Let us now begin a reading knowledge-only examination of TLA+ and PlusCal.
For a first look at TLA+, I suggest to ignore all the reference
materials, and simply read carefully:
		PlusCal-examples/two_threads.tla .
If you prefer pretty-printing, you can look instead at a pretty-printed
version of the same source code:
		PlusCal-examples/two_threads.pdf

Note that the code appears near the top in an "--algorithm threads" statement.
This region holds the plusCal version of the code.  The TLA+ toolbox
allows you to translate that into direct TLA+ code.  Note the TLA+
translation appearing after "BEGIN TRANSLATION", lower down in the file.

Presumably, you have already written your multi-threaded code in C or
a similar language.  So, why is it useful to write your code a second
time, but this time in PlusCal, and now with the addition of labels to
indicate which sequences of statements are atomic?  The reason is that
the TLA+ toolbox is an explicit-state model checker.

The model checker allows you to consider _all_ possible inter-leavings
of statements (with some caveats) in the different processes of your
PlusCal program.  Your original multi-threaded program can only select the
random inter-leavings of different threads chosen by the scheduler or your
operating system.  So, now you examine your code from a new viewpoint.

The risk of model checking is that your model may or may not accurately
reflect the original multi-threaded code.  Note the famous aphorism:

	"All models are wrong but some are useful".
    by George Box, in _Robustness in Statistics_, Academic Press, 1979

Now, let's look at the low-level TLA+ code that starts with
"BEGIN TRANSLATION".  Here, your plusCal program has been translated
into a language for explicit-state model checking.  Luckily, with a few
simple clues, this low-level TLA+ language is also easy to read.

The first clue to reading TLA+ is that TLA+ tries to create a model based on
a finite state automaton.  Each state consists of:
  the current statement of each thread (indicated by the PlusCal label); and
  the values of the global variables.  See the TLA+ "VARIABLES" statement.

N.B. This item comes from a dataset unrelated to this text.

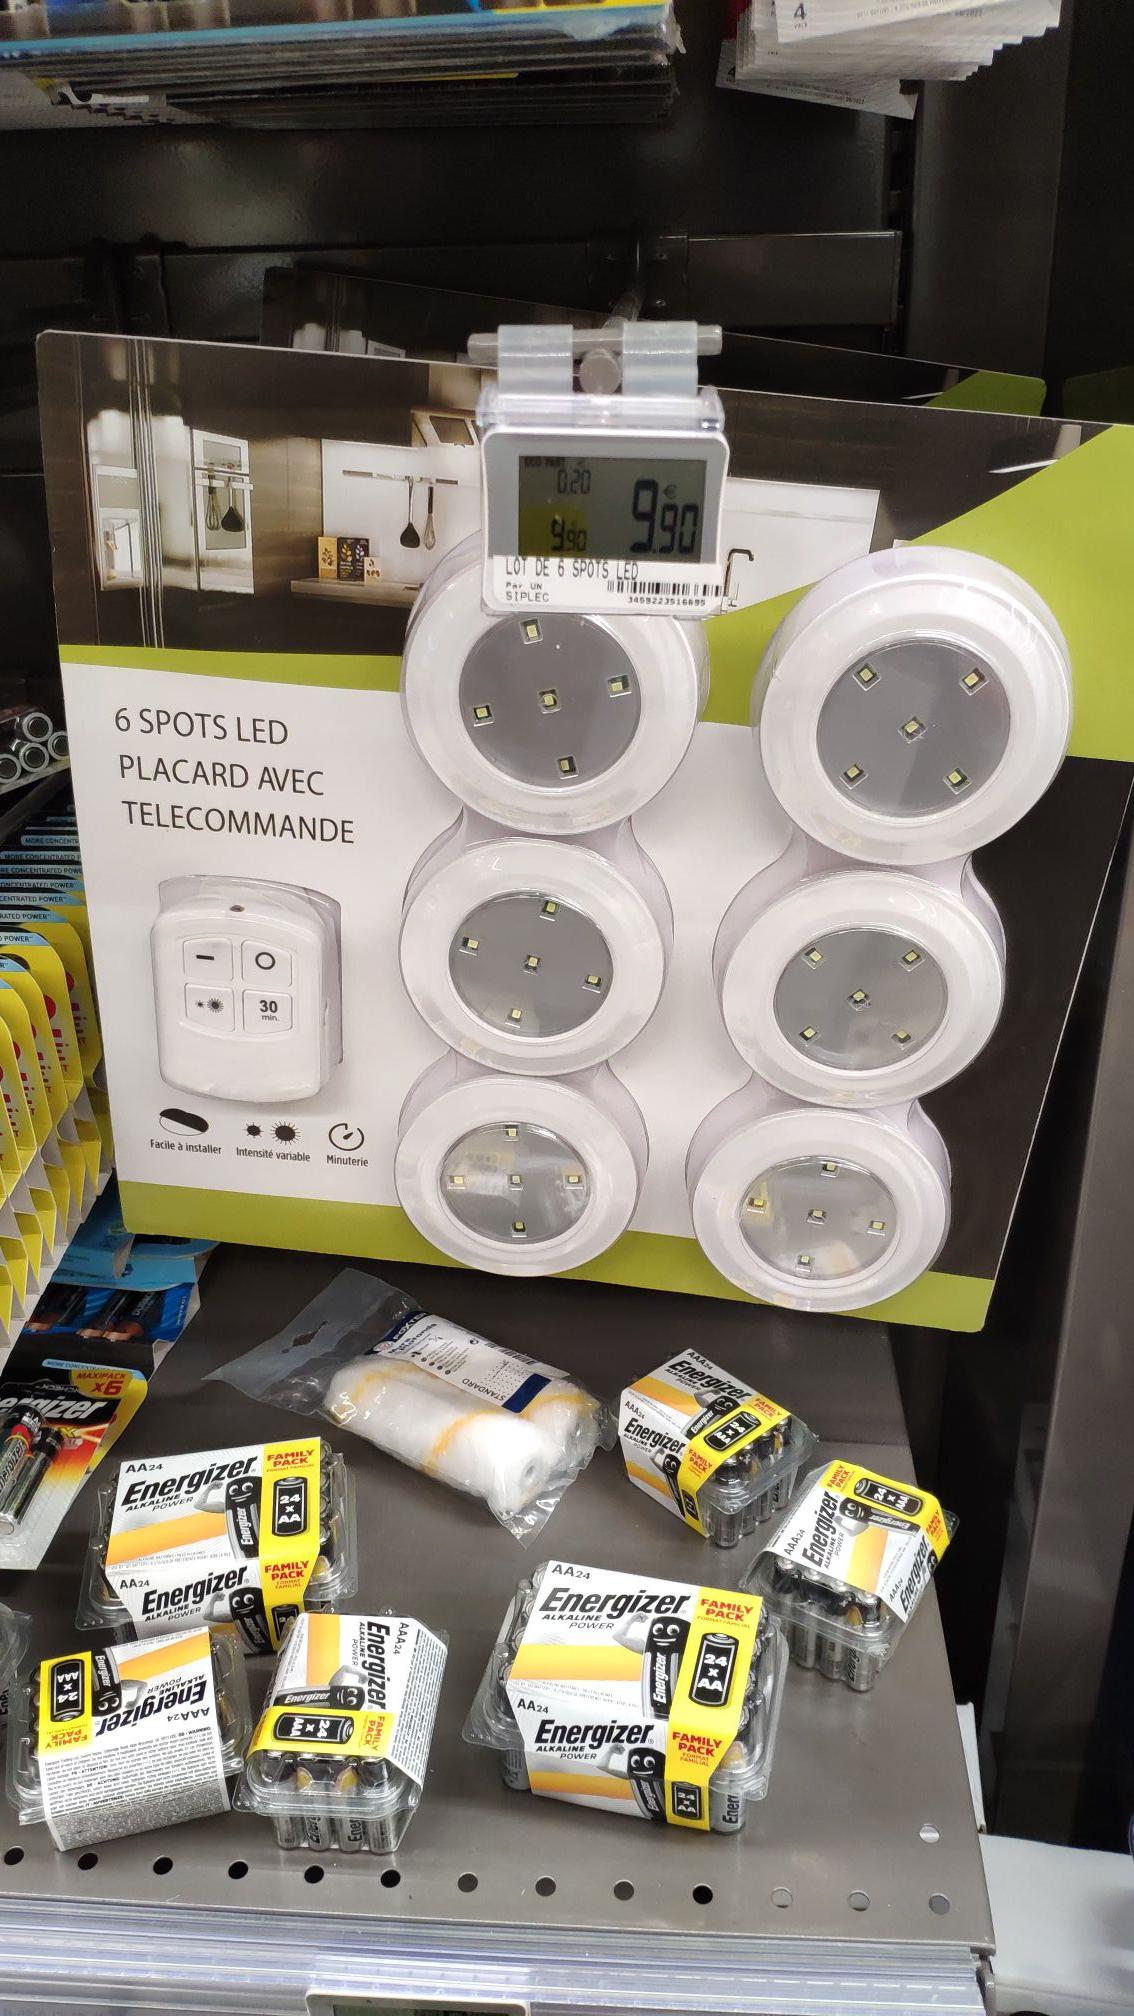 6 Spots LED + Télécommande (Saint Chamond 42)
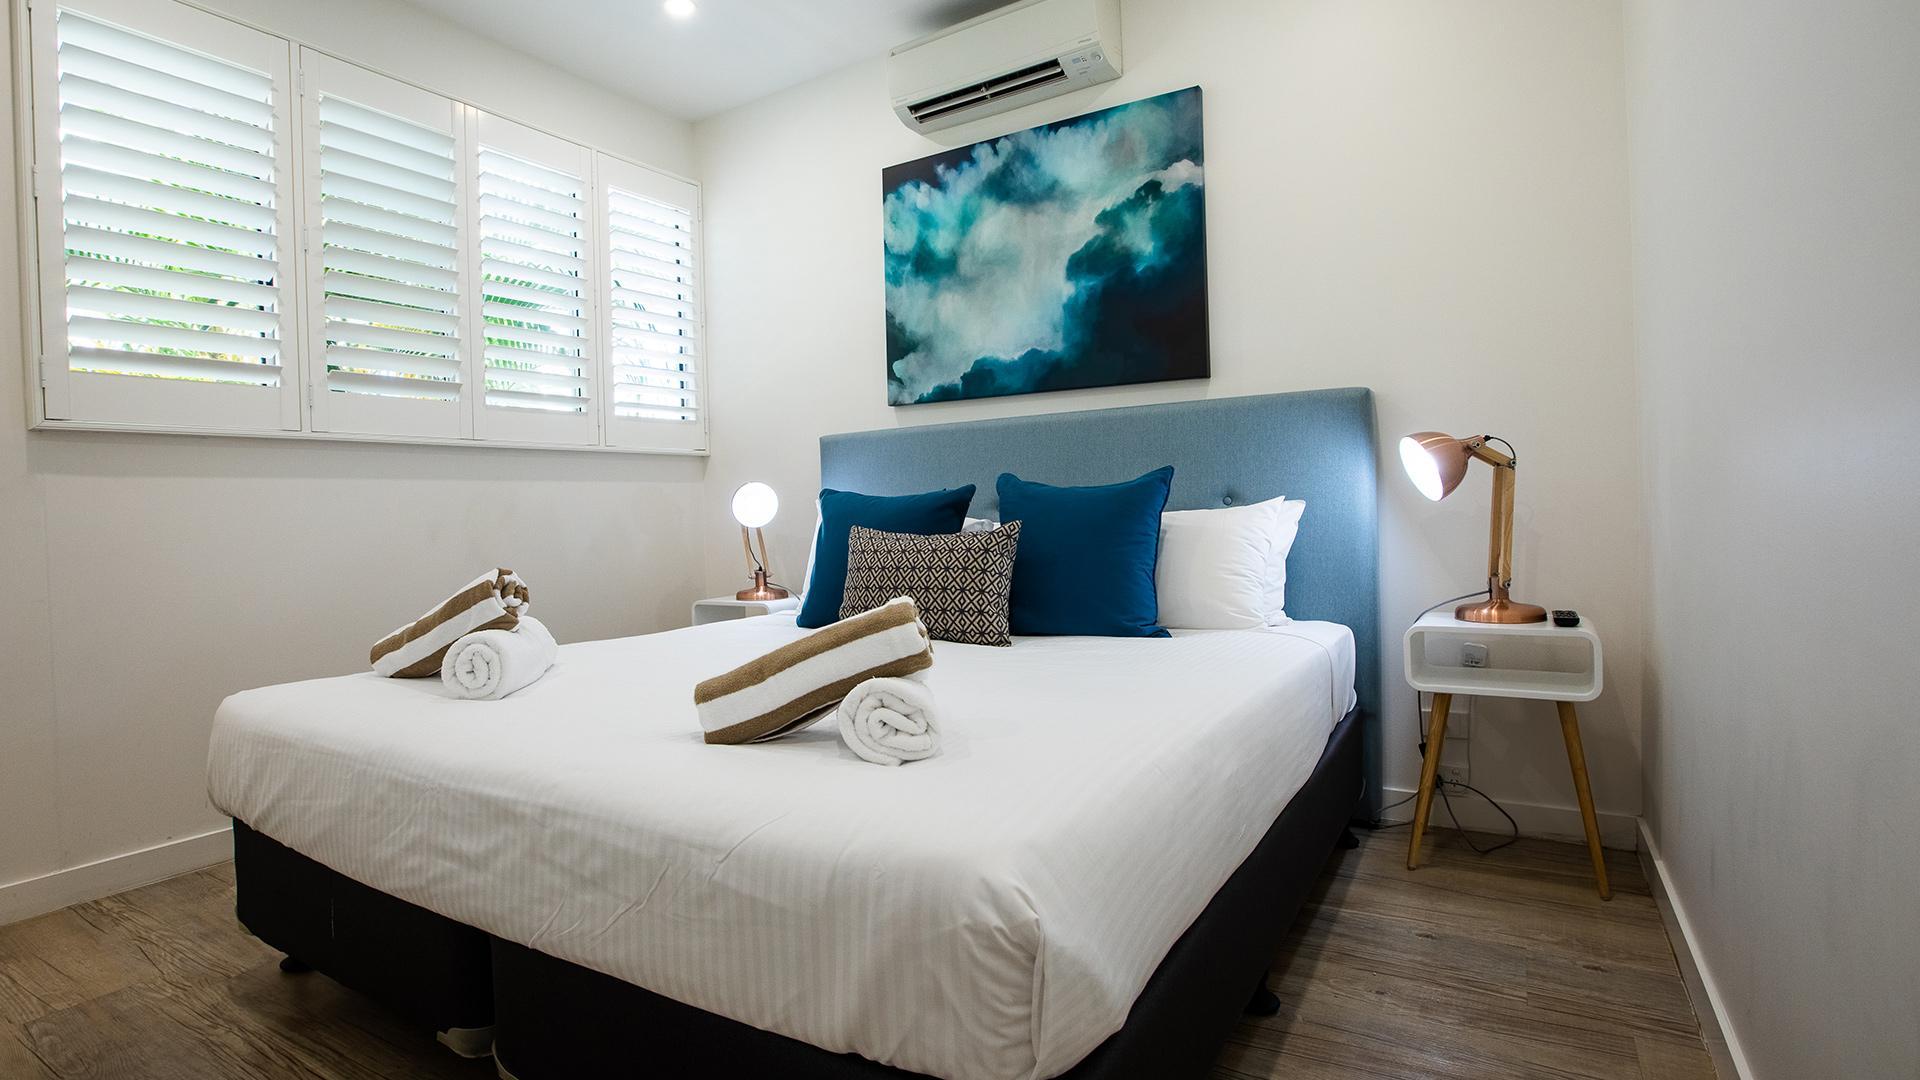 Three Bedroom Plunge Pool Apartment image 1 at Pool Resort Port Douglas - OCT 2018 by Douglas Shire, Queensland, Australia

If your model allows an infinite number of variable values, then you
will have an infinite number of states to check.  So, your model
should restrict the variable values.  For example, maybe all
integer values larger than 3 could be represented by "LARGE".

The second clue to reading TLA+ is that each paragraph typically
refers to a transition between two states.  That is why it will refer
to both pc and pc'.  (Continue reading below for the meaning of pc and pc'.)

The third clue to reading TLA+ is that it refers to a pc[] array.
This is the "program counter".  So, pc["thr1"] refers to the
the current program counter, or statement label for process "thr1".

The fourth clue to reading TLA+ is that a prime (') after a variable
name, such as x', means that this is the value of the the variable
x in the next state (the target of the current transition between states).
Similarly, pc' refers to the value of the program counter in the
next state (i.e., the label of the statement that we will execute
next after the current transition).

The fifth clue to reading TLA+ is that the "=" operator is the same
as "==" in Java or C/C++.  Still More important, no variable is ever
modified or set to a new value in TLA+!  Instead, we are simply comparing
the variable values found in the source and target states, during a
transition between the two states.

Finally, for good or bad, you must get used to reading TLA+ code if
you want to understand what your PlusCal program is doing.  When TLA+
"compiles" a PlusCal program to TLA+, and when TLA+ runs the resulting
TLA+ program within a "model" (analogous to an executable), then any
TLA+ error statements will likely refer to the underlying TLA+ code,
and not to the PlusCal code itself.  TLA+ will provide an error trace
of a series of states if a model error is found.  But that error trace
will refer to TLA+, and not to PlusCal.

The program, two_threads.tla, is a good place to start reading
PlusCal/TLA+.  But when you understand it, consider reading some of the
other PlusCal examples in the same directory.